Supplied information —

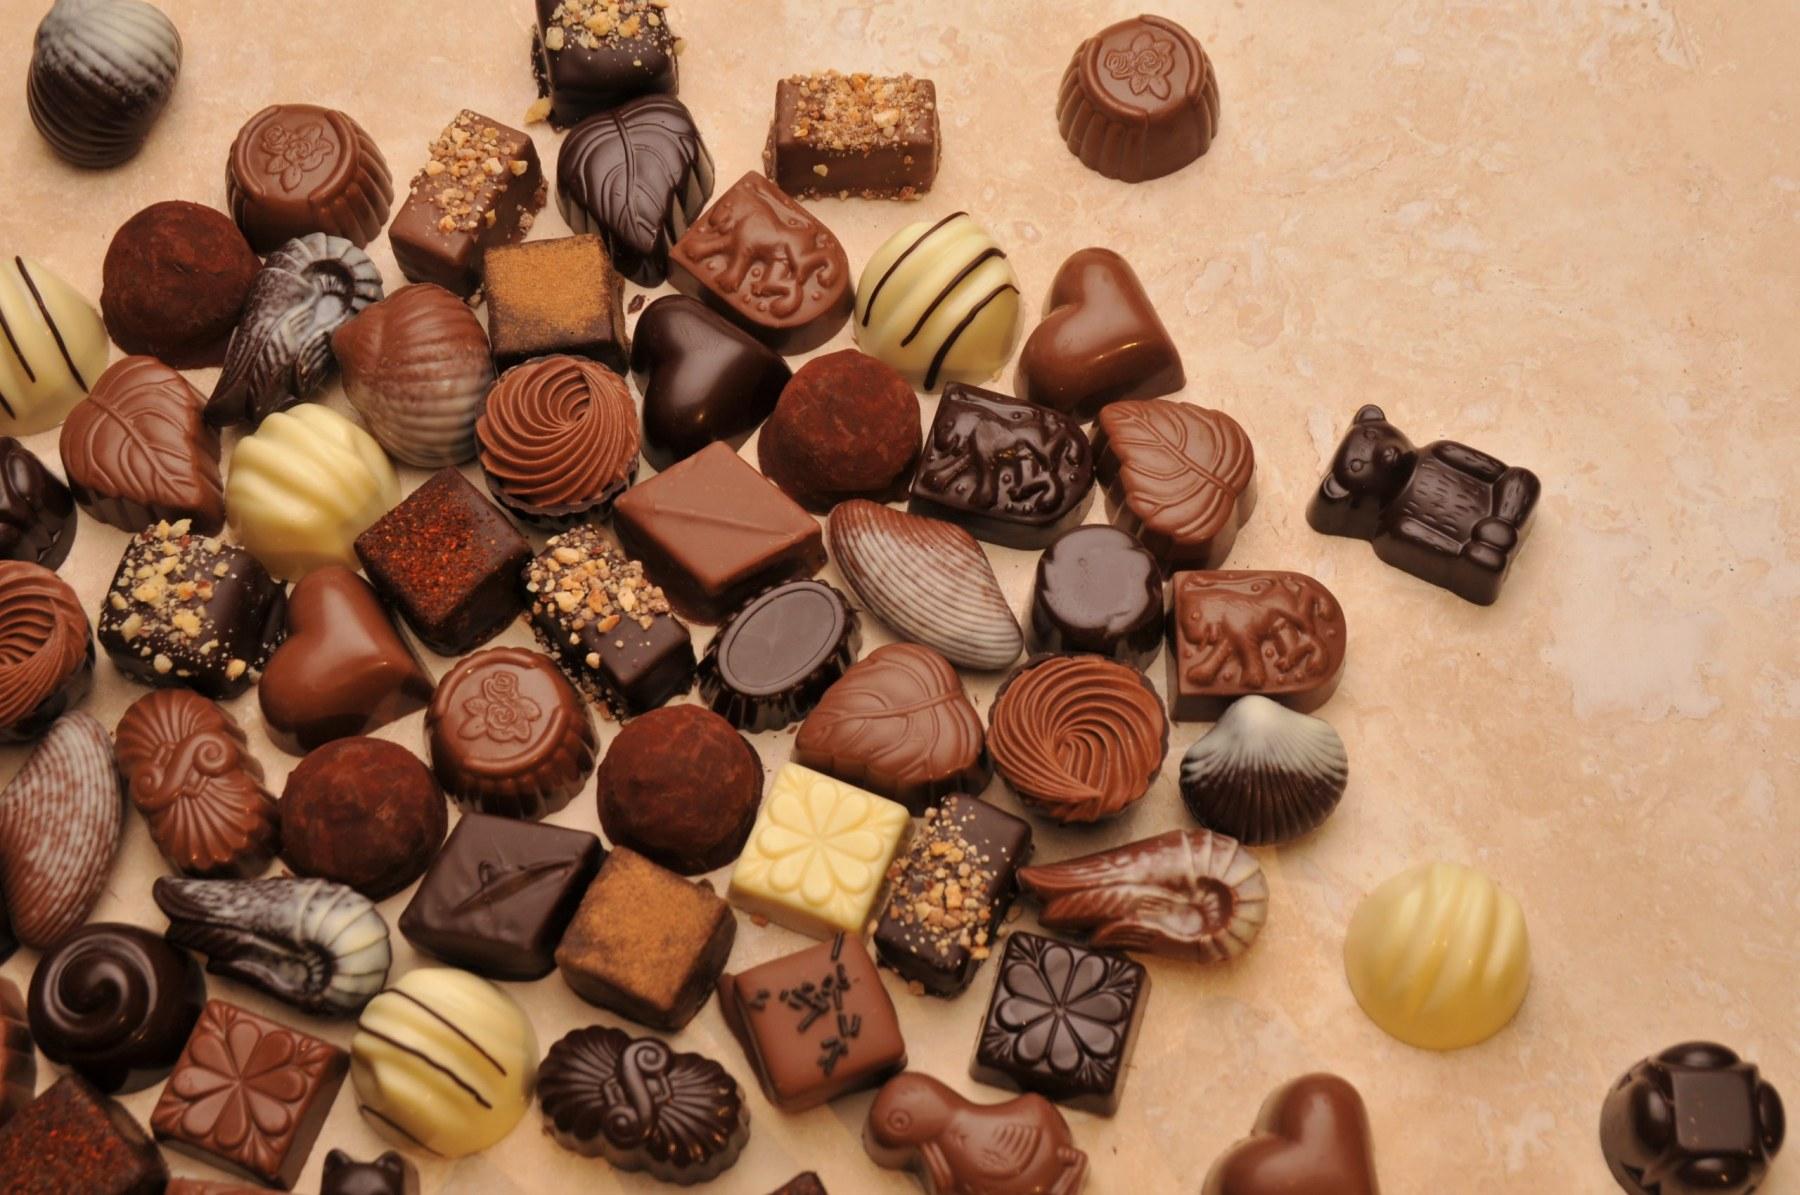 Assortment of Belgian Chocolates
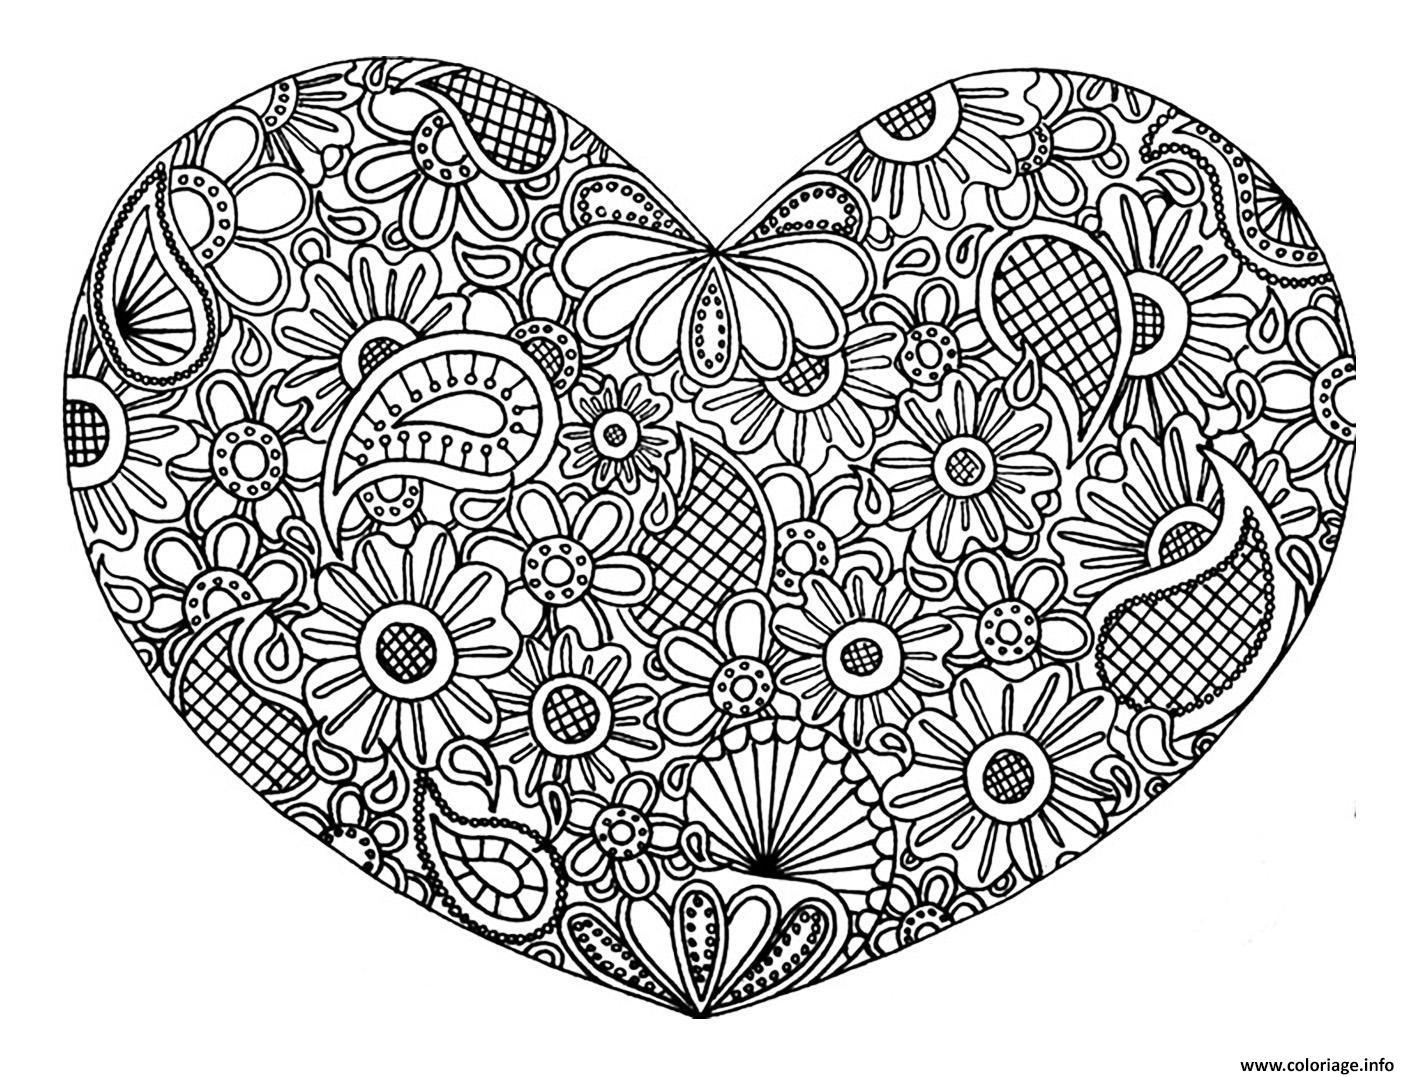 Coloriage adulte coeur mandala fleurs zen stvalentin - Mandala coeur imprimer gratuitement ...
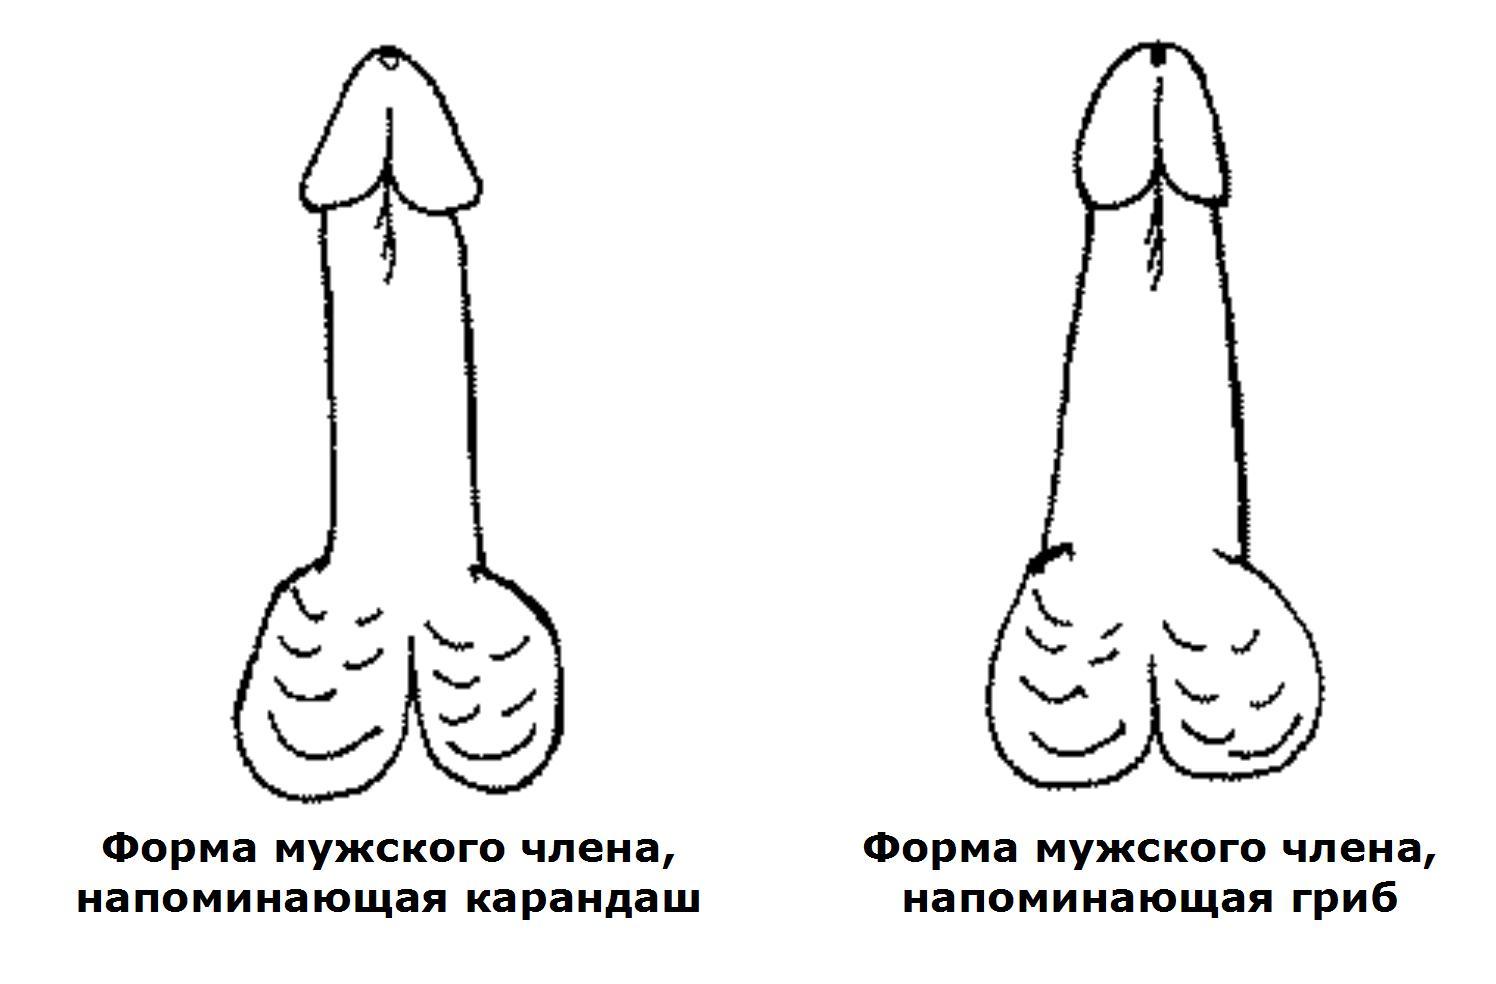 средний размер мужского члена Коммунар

Instructions to follow —
Give back the full listing verbatim, skipping each picture.

Finished exercise —
 Assortment of Belgian Chocolates
 Coloriage adulte coeur mandala fleurs zen stvalentin - Mandala coeur imprimer gratuitement ...
 средний размер мужского члена Коммунар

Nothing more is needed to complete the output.